▶ _YOUR TASK_
Return all the data below as it stands, minus the pictures.

▶ _SOURCE DATA_
== == ==

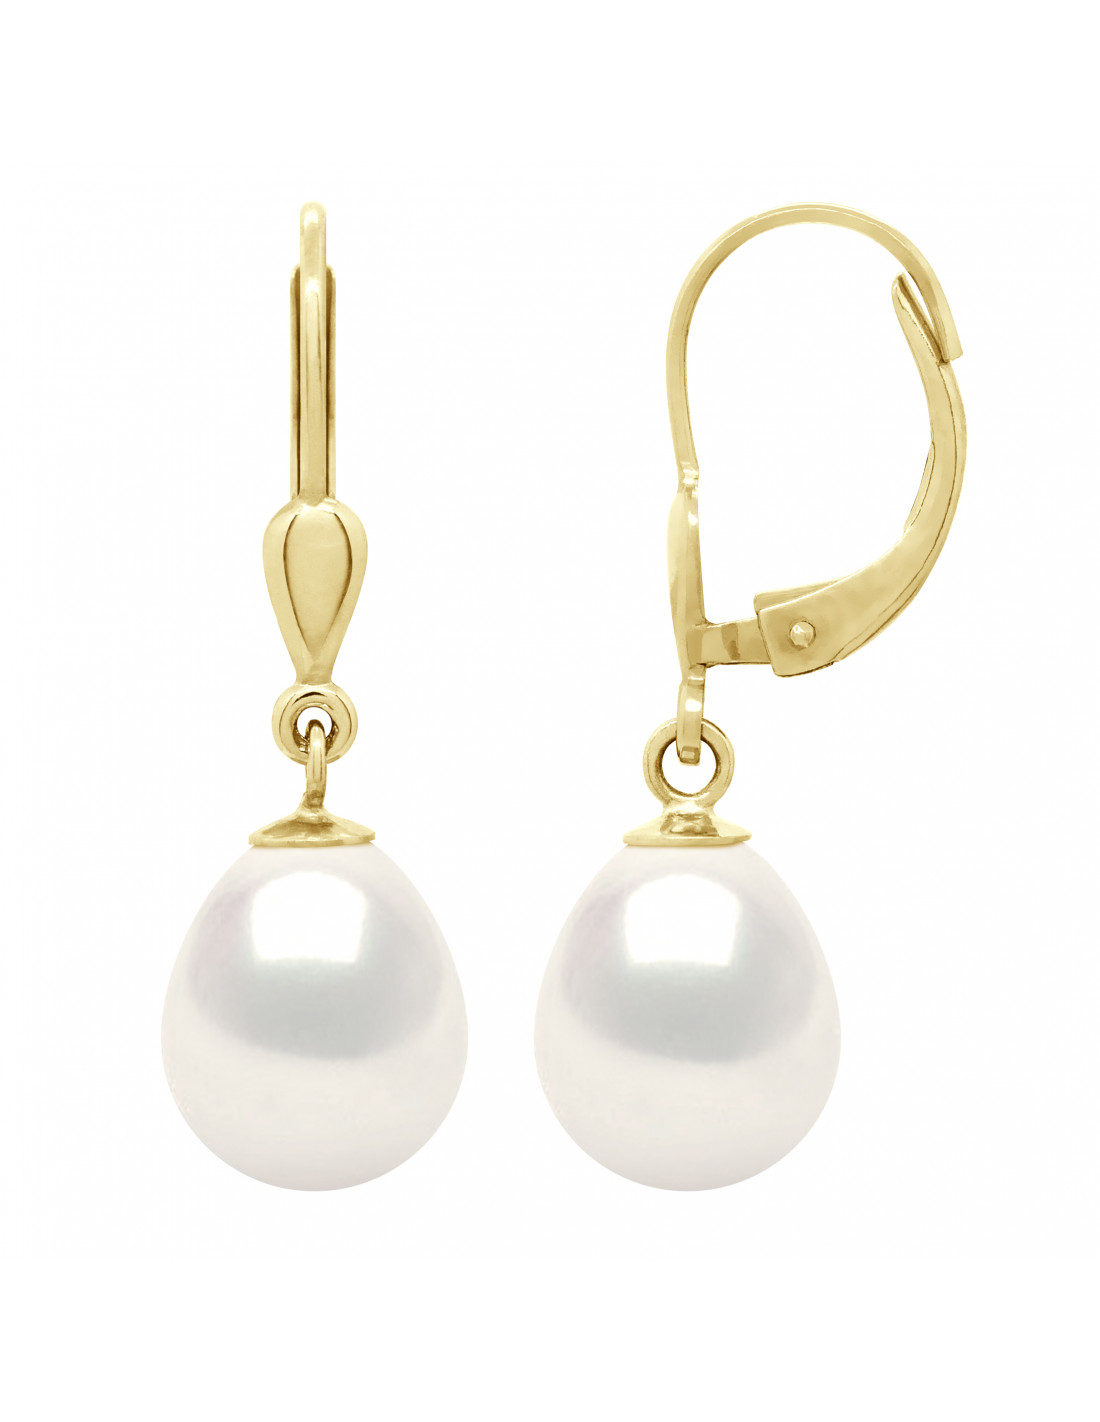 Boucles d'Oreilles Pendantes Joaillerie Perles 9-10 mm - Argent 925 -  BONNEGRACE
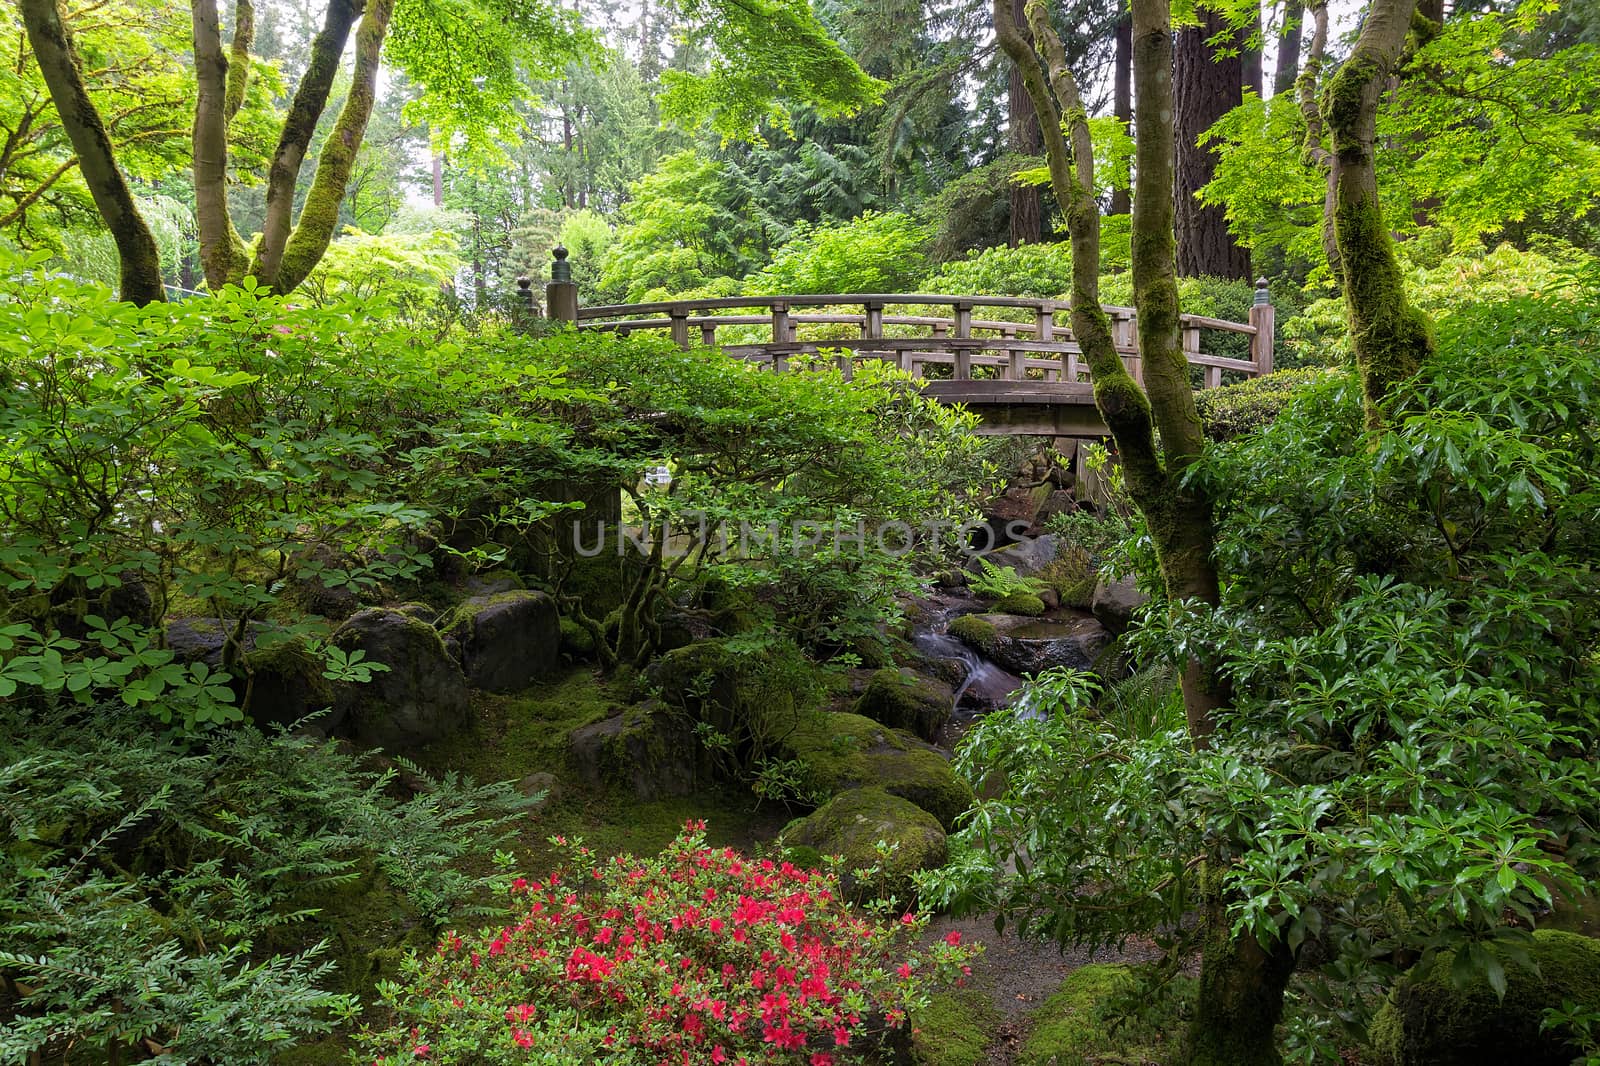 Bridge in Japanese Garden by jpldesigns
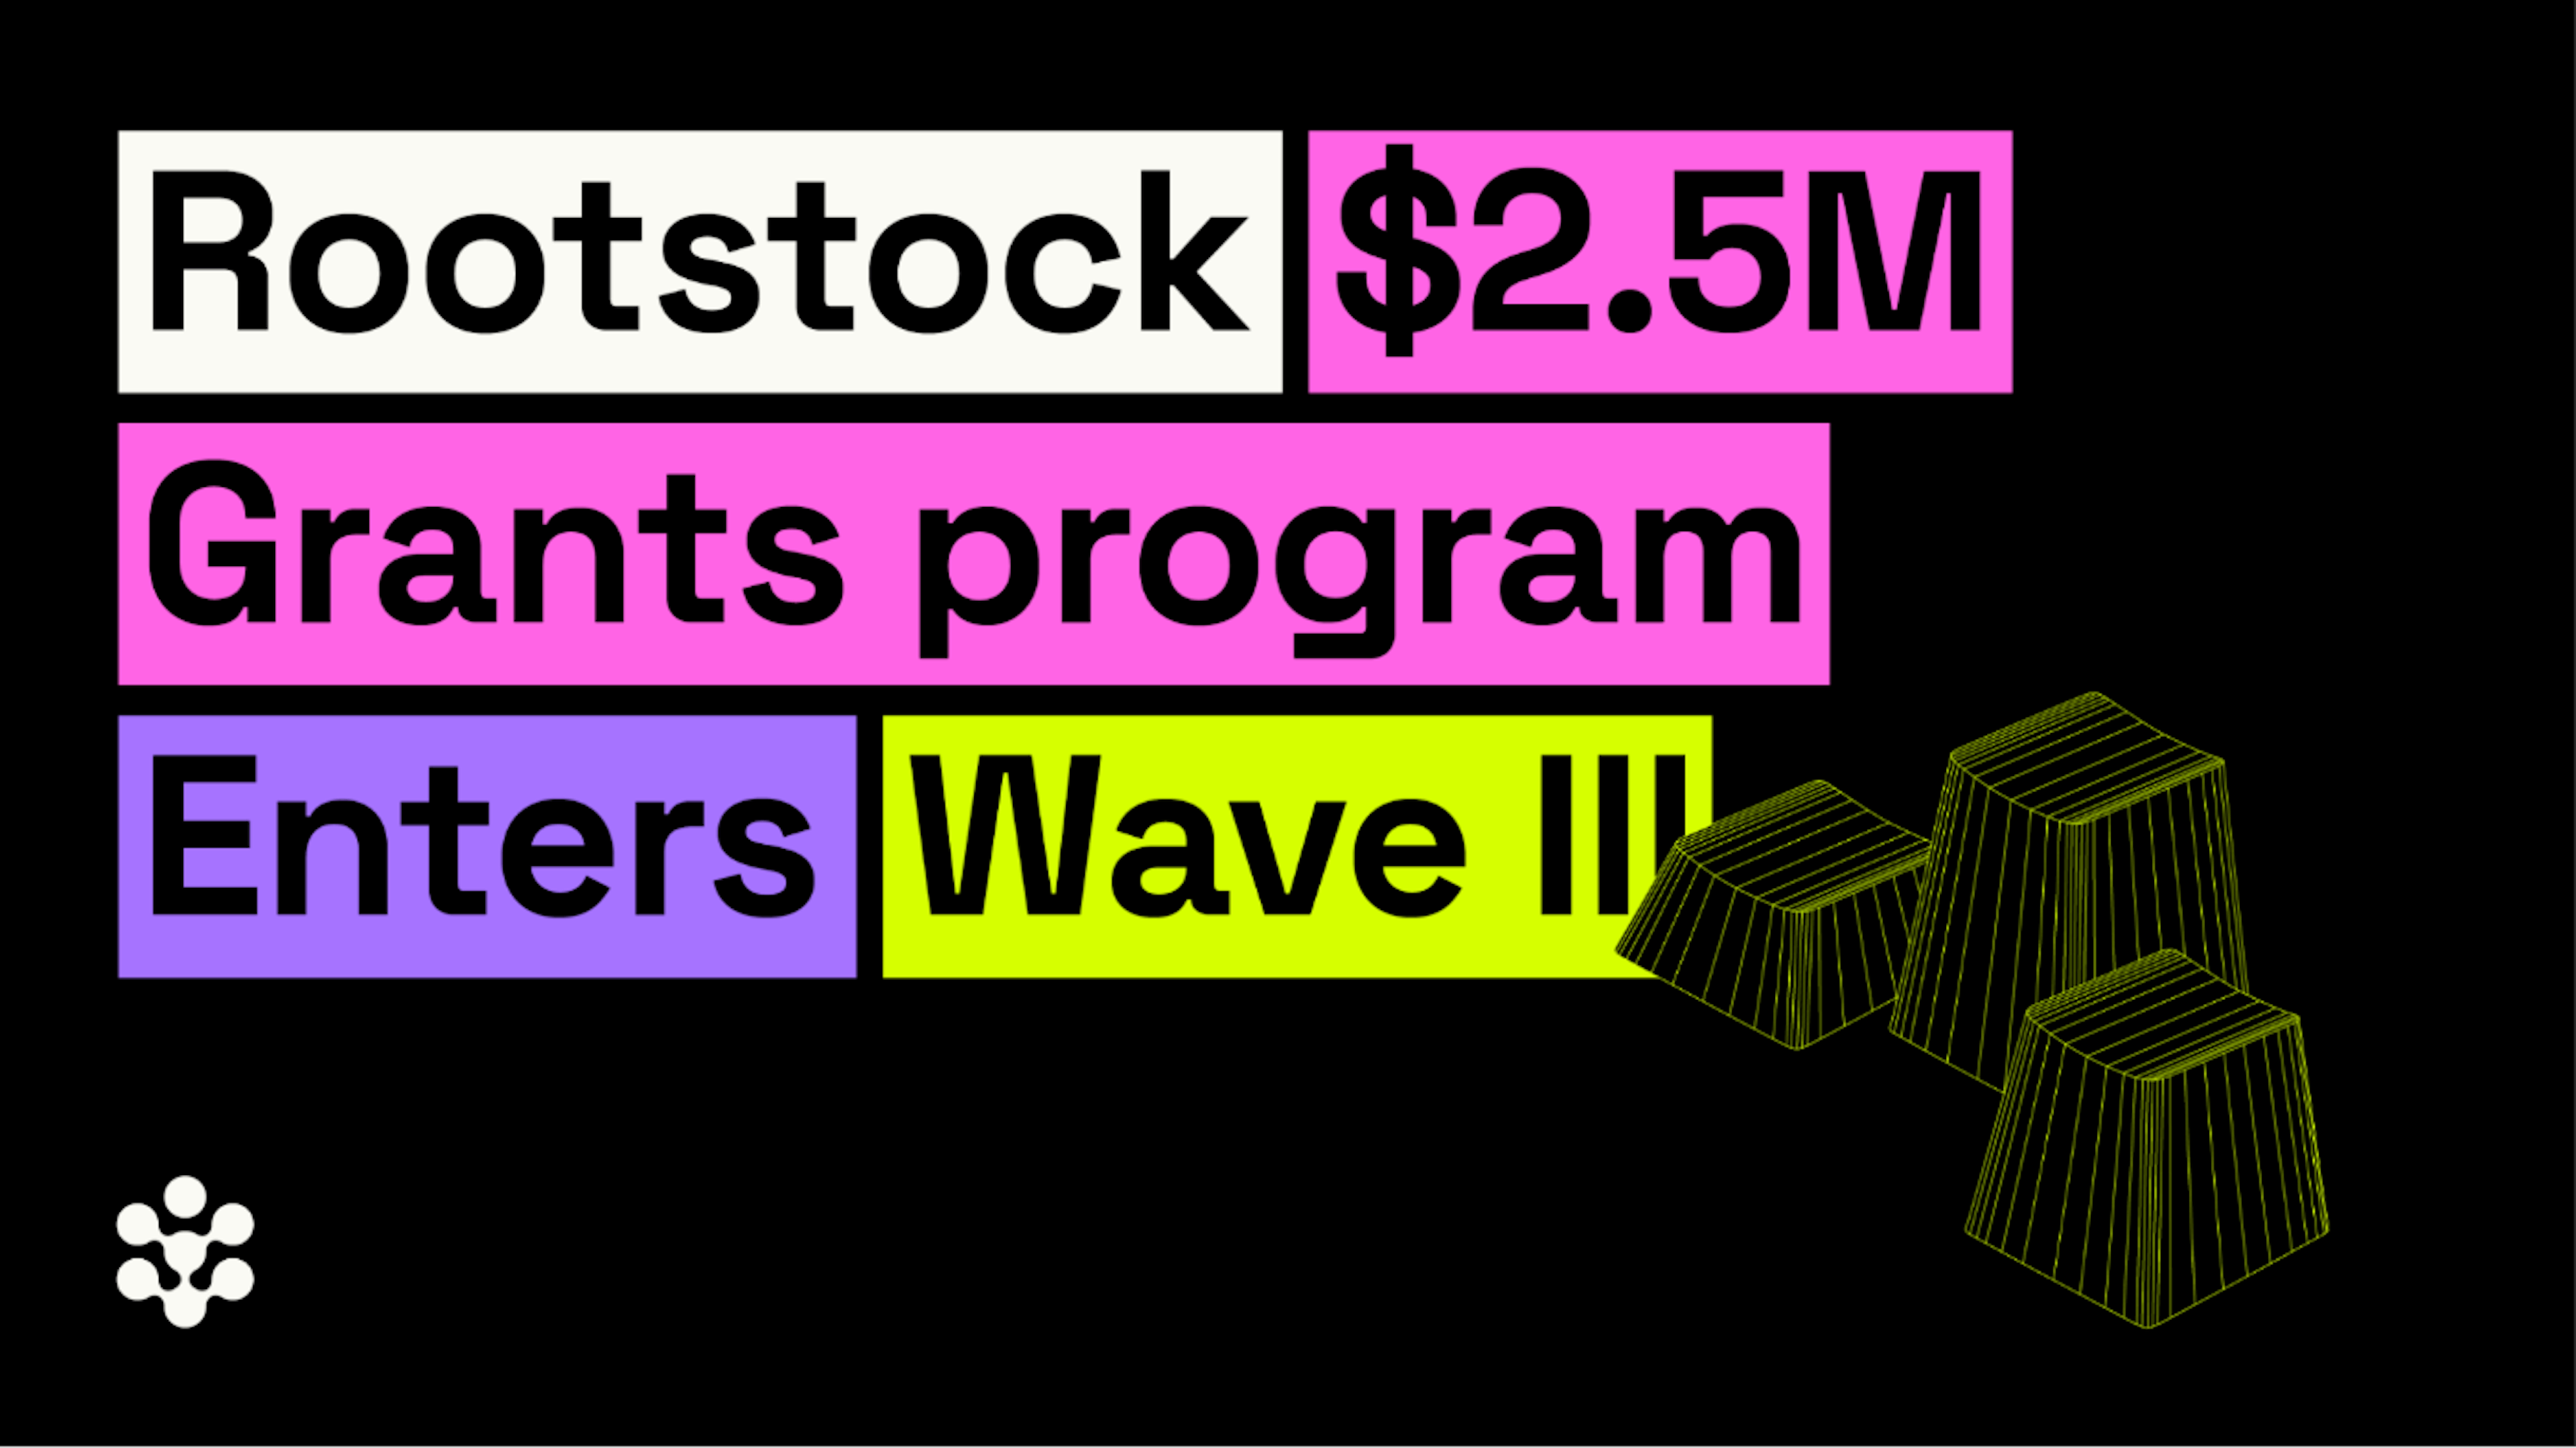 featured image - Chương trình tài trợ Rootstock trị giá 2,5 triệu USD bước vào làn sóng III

== == ==

▶ _EXERCISE OUTPUT_
 Boucles d'Oreilles Pendantes Joaillerie Perles 9-10 mm - Argent 925 -  BONNEGRACE
 Bridge in Japanese Garden by jpldesigns
 featured image - Chương trình tài trợ Rootstock trị giá 2,5 triệu USD bước vào làn sóng III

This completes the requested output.